Regarding the second sub-issue, precedence of the primary lease over the sublease, the arguments of the applicant are somewhat conflicting. Page four of the applicant's appeal states, "These and other provisions of the sublease agreement create additional rights and obligations for GEDA which are not granted or required under the Interim lease agreement." Page five of the same letter states, "The sublease agreement does not impose any additional obligations on the US Navy or create any additional rights for GEDA." Notwithstanding this discrepancy, Section 17 of the sublease clearly and implicitly defines the relationship between the primary and sublease and the relationship between the Navy, GEDA and the sublessee. This section states, "No sublease shall relieve GEDA of any of its obligations hereunder." Section 6.3 states that should a conflict arise between the provisions of this lease (interim) and provisions of a sublease, the provisions of this lease (interim) shall take precedence. This language is clear and straightforward and establishes that the sublease ensures that all legal obligations of the interim lease are held in effect, does not supercede the primary interim lease, and does not establish additional legal obligations for GEDA for the disaster-related repairs to the SRF. Based upon review, we find that the primary lease establishes that disaster-related repairs are not the legal responsibility of the eligible applicant.

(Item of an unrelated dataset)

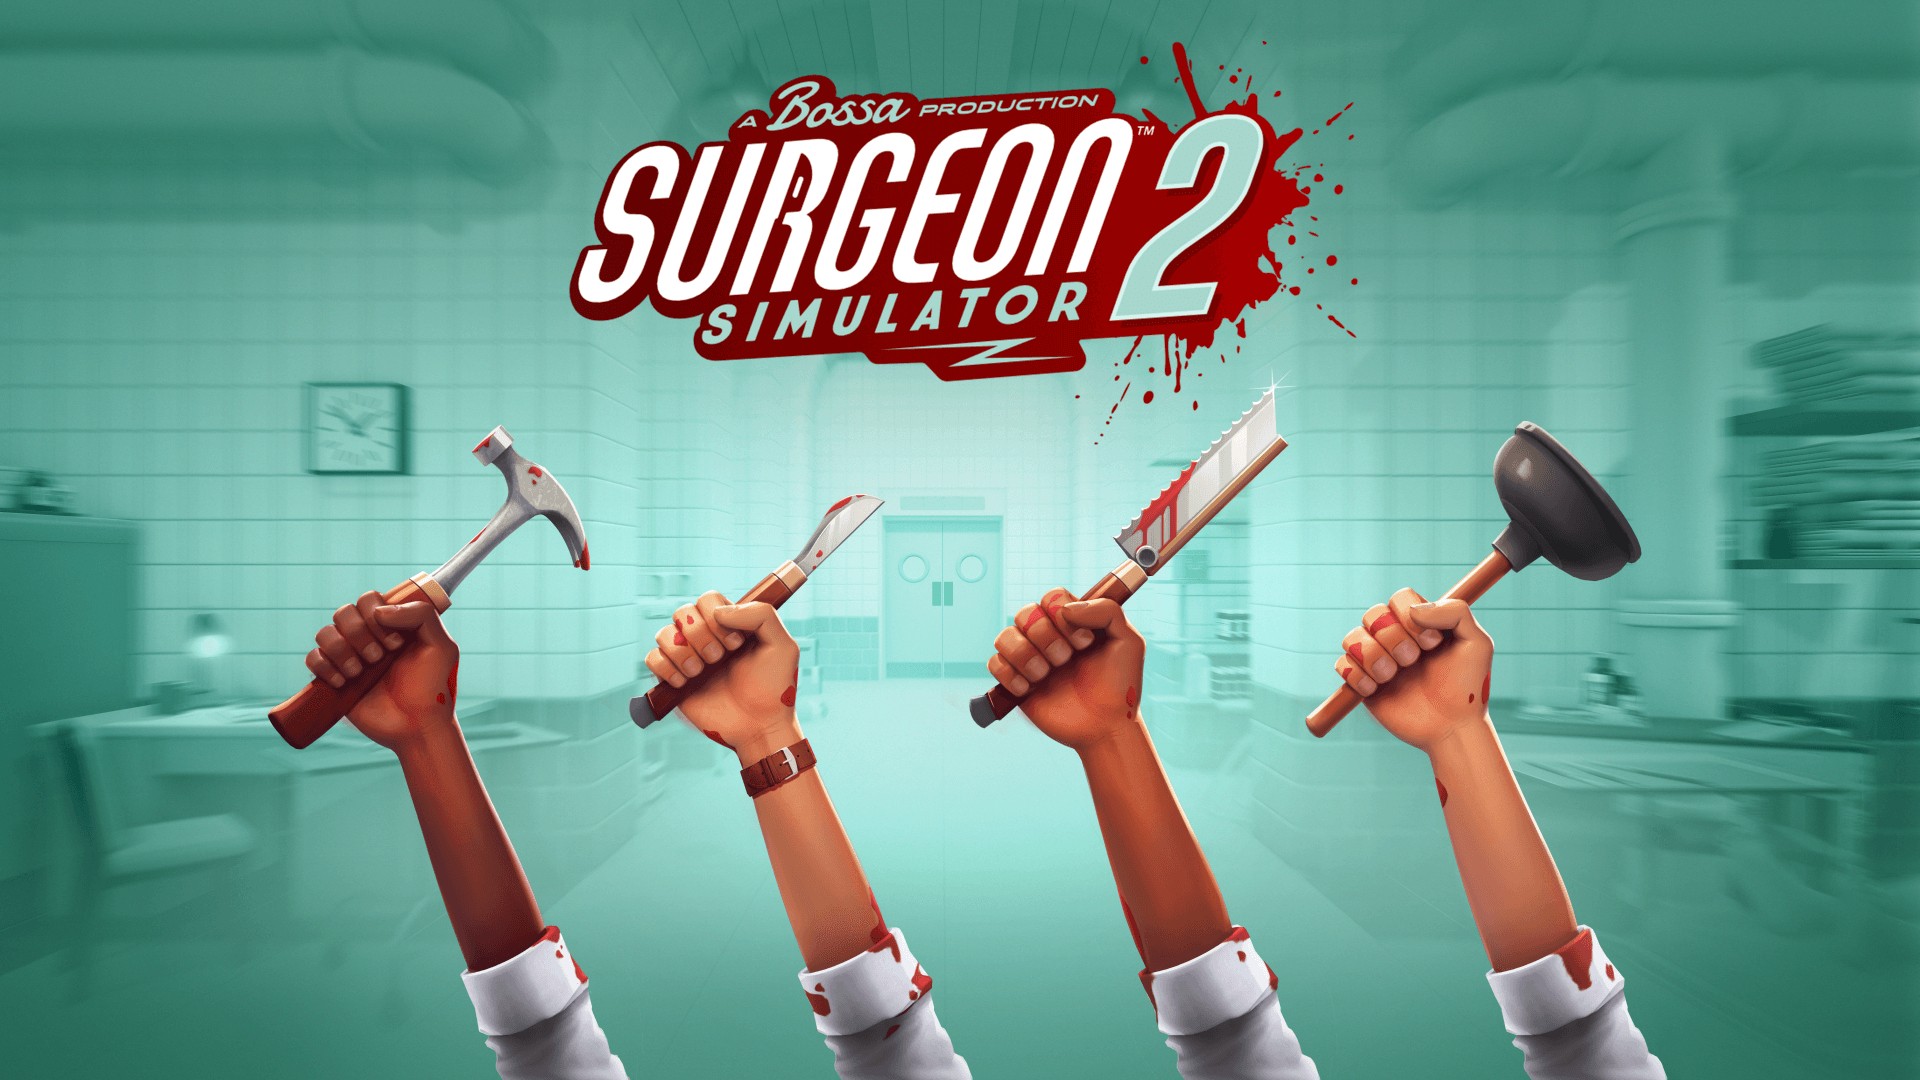 กมผ่าตัดฮาๆเล่นกับเพื่อน Surgeon Simulator 2 การเล่นเกม แบบสุดเพี้ยน รอคอย ให้ผู้เล่นได้ลิ้มลองระบบการเล่นเกม สุดแปลกใหม่ รีวิวเกม Remove term: เกมออนไลน์ตลกๆ เกมออนไลน์ตลกๆRemove term: เกมออนไลน์ฮาๆ เกมออนไลน์ฮาๆRemove term: เกมออนไลน์2020 เกมออนไลน์2020Remove term: เกมออนไลน์ยอดนิยม เกมออนไลน์ยอดนิยมRemove term: เกมคอมน่าเล่น เกมคอมน่าเล่นRemove term: เกมผ่าตัดฮาๆเล่นกับเพื่อน เกมผ่าตัดฮาๆเล่นกับเพื่อนRemove term: game Surgery Online game Surgery OnlineRemove term: เกมหมอผ่าตัดพยาบาลแพทย์ออนไลน์ เกมหมอผ่าตัดพยาบาลแพทย์ออนไลน์

Regarding the cause of action, the applicant states that Section 17 provides XenoTechnix, as subleesee with a cause of action against GEDA, as landlord, if GEDA fails to repair the facilities destroyed by a disaster. This is not relevant to FEMA's eligibility determination and has no bearing on the legal responsibility for the repairs. Further, as stated above the applicant has the authority to terminate the sublease based on the extent of the damages. Therefore, we find that this section does not demonstrate that the applicant is legally responsible for the disaster-related repairs and pursuant to 44 CFR 206.223 (a)(3), we find that the repairs are not eligible for funding.

CONCLUSION

The interim lease states that routine maintenance and repairs are the legal responsibility of the applicant. However, per lease exclusions for repairs resulting from catastrophic events (acts of God), the applicant is not legally responsible for the disaster-related repairs to the SRF. Similarly, legal responsibility for the repairs is not established through the sublease, which has a provision to allow GEDA to terminate the lease at "its sole discretion," if the repairs are not feasible. Therefore, the sublease does not create any legal responsibility for the disaster-related repairs. As such, we find no reason to reverse the Disaster Recover Manager's
decision in the first appeal and the second appeal is denied.